Пётр спрыгивает с дивана и пулей несется в прихожую. Перебирает ножками со скоростью света.

Мы с Матвеем, не сговариваясь, оба улыбаемся. Ну какой же забавный мальчишка получился! Нам нужен, просто необходим этот ребенок, чтобы разряжать обстановку. Придется таскать его на все встречи, если они будут.

Хотя... у нас же скоро появится свой собственный!

Или пока рано шутить на эту тему?

— У Петра установлен внутренний локатор, настроенный на мать. Если Диана где-то поблизости, пацан ее чувствует, — говорит Матвей чуть мягче, чем до этого. Но по-прежнему резковато.

Я нервно смеюсь.

— Это у всех мальчиков, наверное. Сначала по отношению к мамкам, затем к подругам.

— У Адомайтисов точно, — парирует он. И бубнит себе под нос: — Хер его потом, блть, отключишь.

У меня волоски на коже дыбом поднимаются.

Диана или... Диана Романовна — я ее то так, то эдак, — пищит от счастья при виде сына. Шумно раздевается, разувается.

А мы с Матвеем оба как-то внезапно понимаем, что находимся в кухне вдвоем. Он делает несколько шагов в мою сторону и оказывается опасно близко. Смотрит вниз.

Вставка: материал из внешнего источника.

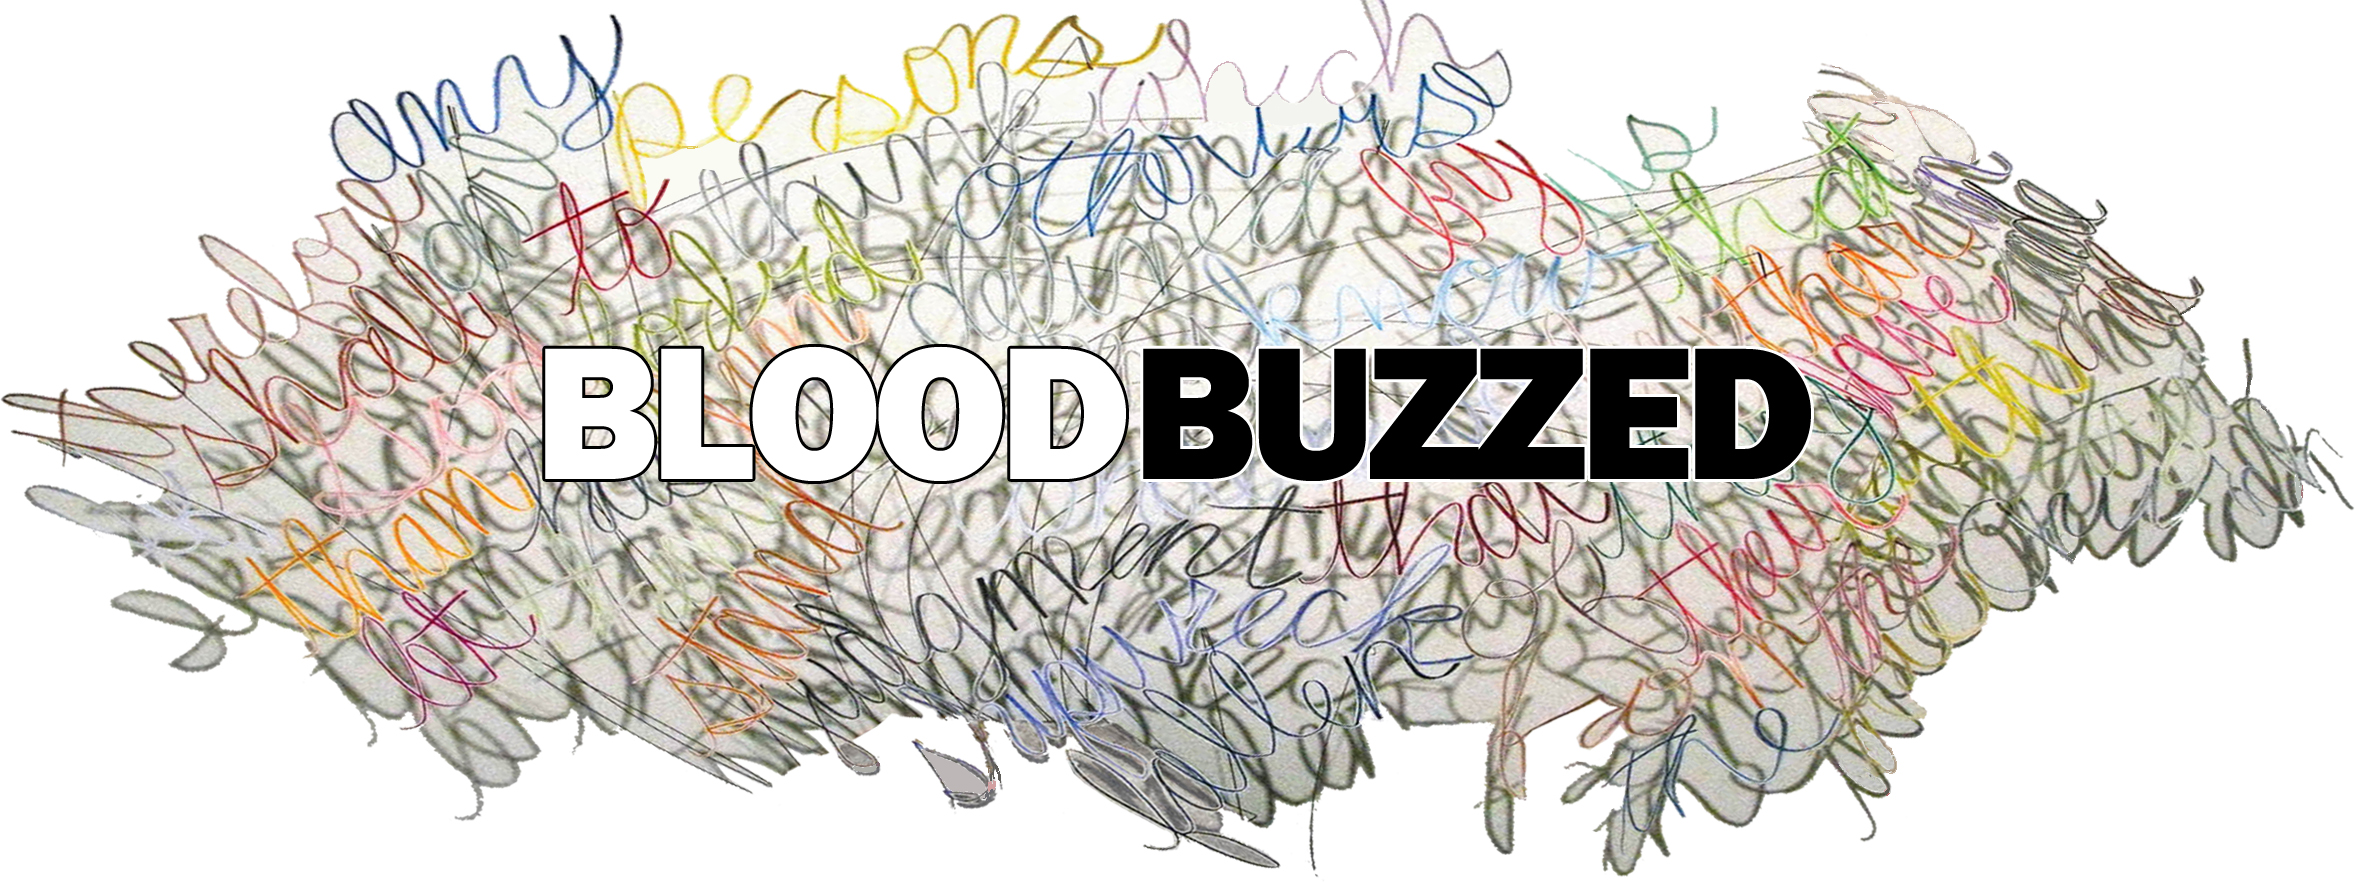 Bloodbuzzed: el gran bazar del pop

На свои носки или на мою грудь — уж не знаю. Лично я пялюсь на его подбородок.

Матвей тянется рукой к шкафу, что расположен за моей спиной, достает оттуда пакет с печеньем. Потом отходит и кладет его на стол.

— Угощайся. Тут сушки.

— Мог бы попросить, я бы отошла, — говорю я, все еще чувствуя аромат его туалетной воды.

Которую сама для него выбирала год назад. На коже Матвея она раскрывается по-особенному.

Диана наконец заходит в просторную кухню. Держит Петра на руках и излишне широко улыбается.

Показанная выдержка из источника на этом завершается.